An interpretable ensemble method for deep representation learning

Model ensemble is widely used in deep learning since it can balance the variance and bias of complex models. The mainstream model ensemble methods can be divided into “implicit” and “explicit”. The “implicit” method obtains different models by randomly inactivating the internal parameters in the complex structure of the deep learning model, and these models are integrated by sharing parameters. However, these methods lack flexibility because they can only ensemble homogeneous models with the similar structure. While the “explicit” ensemble method can fuse completely different heterogeneous model structures, which significantly enhances the flexibility of model selection and makes it possible to integrate more models with entirely different perspectives. However, the explicit ensemble will face the challenge of averaging the outputs, leading to a chaotic result.

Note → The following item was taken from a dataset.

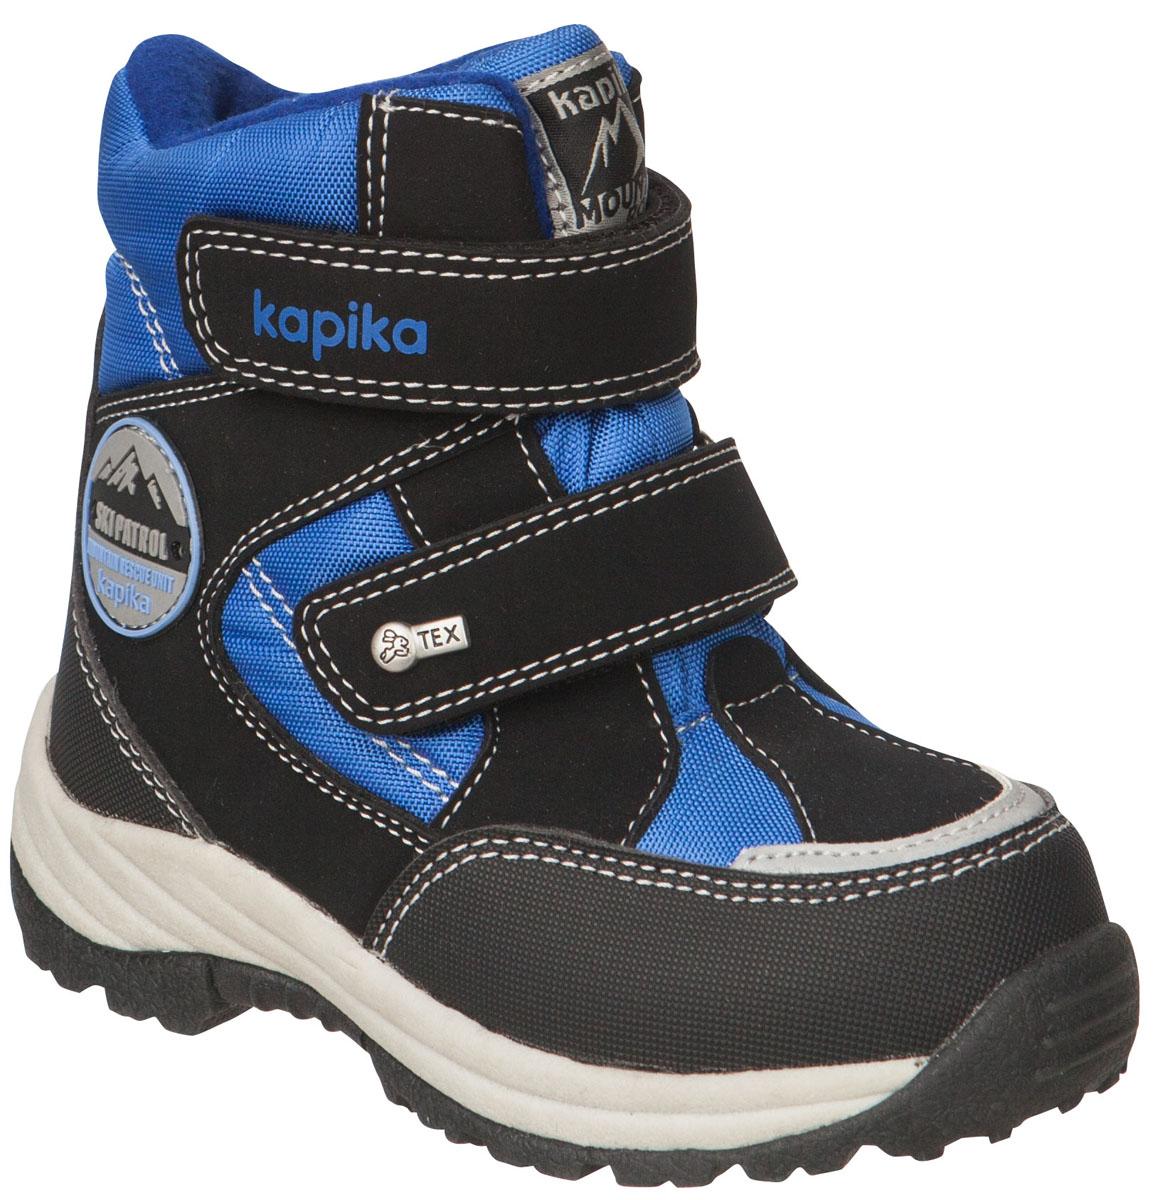 41150-3Легкие, удобные и теплые ботинки от Kapika выполнены из мембранных материалов и искусственной кожи. Два ремешка на застежках-липучках надежно фиксируют изделие на ноге. Мягкая подкладка и стелька из шерсти обеспечивают тепло, циркуляцию воздуха и сохраняют комфортный микроклимат в обуви. Подошва с протектором гарантирует идеальное сцепление с любыми поверхностями. Идеальная зимняя обувь для активных детей и подростков. Модель большемерит на 1 размер.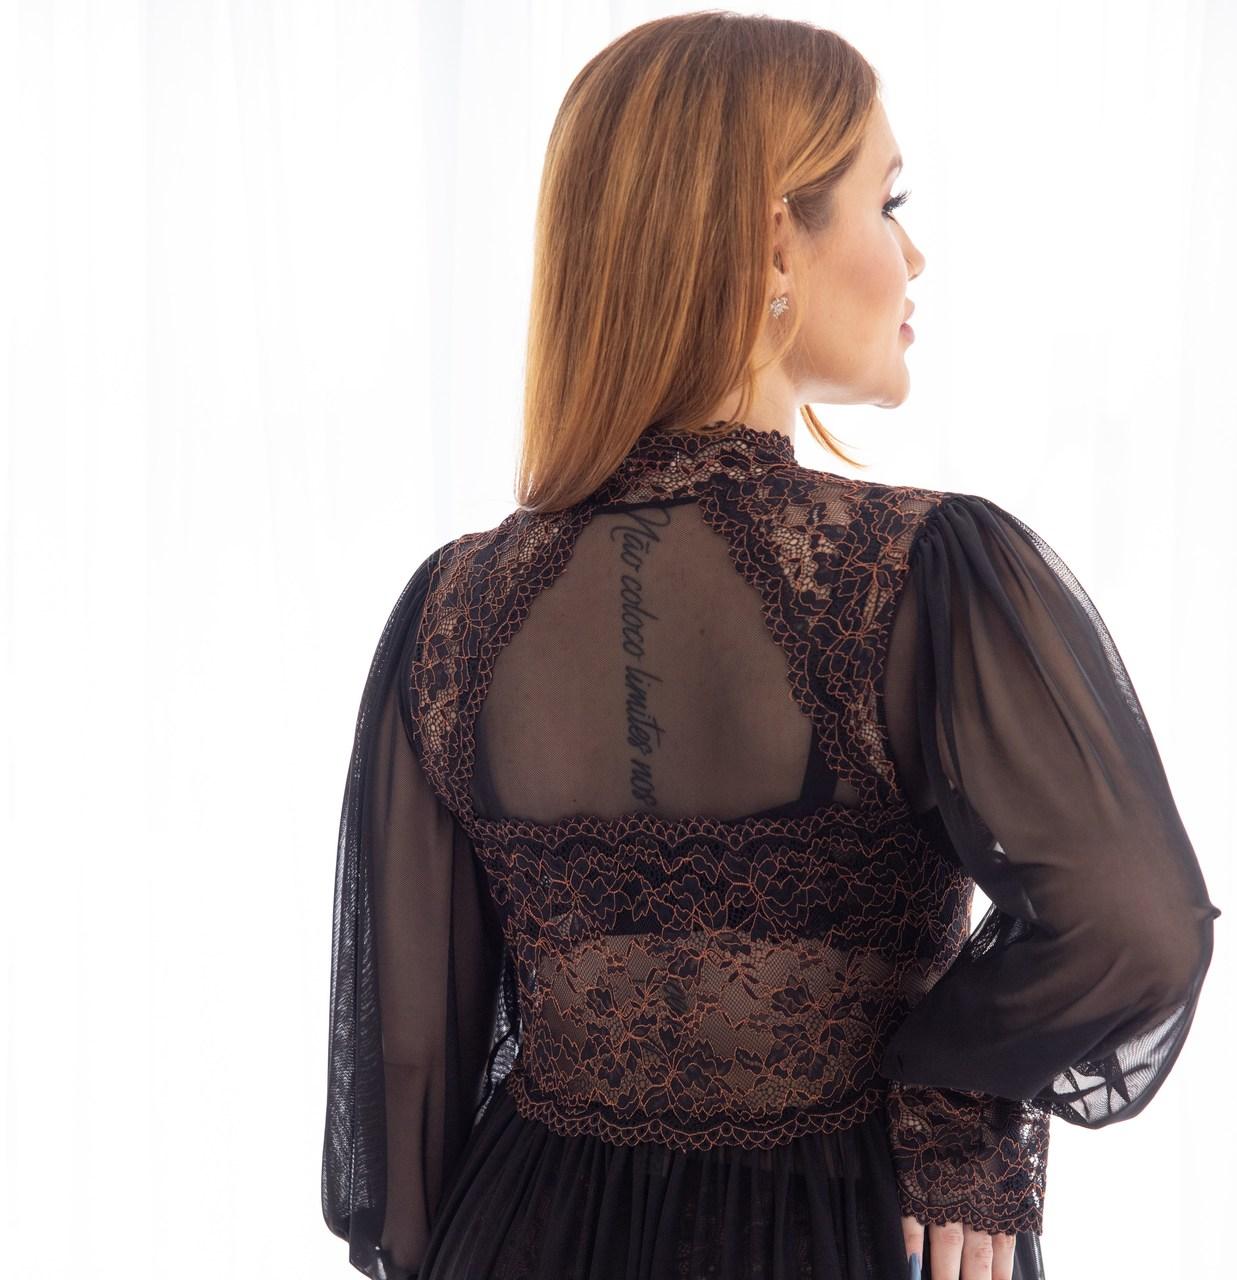 Robe longo em tule e renda bicolor preto

To this end, researchers further proposed using knowledge distillation and adversarial learning technologies to perform a nonlinear combination of multiple heterogeneous models to obtain better ensemble performance, however these require significant modifications to the training or testing procedure and are computationally expensive compared to simply averaging. In this paper, based on the linear combination assumption, we propose an interpretable ensemble method for averaging model results which is simple to implement, and conducting experiments on the representation learning tasks of Computer Vision(CV) and Natural Language Processing(NLP). The results show that our method is superior to direct averaging results while retaining the practicality of direct averaging.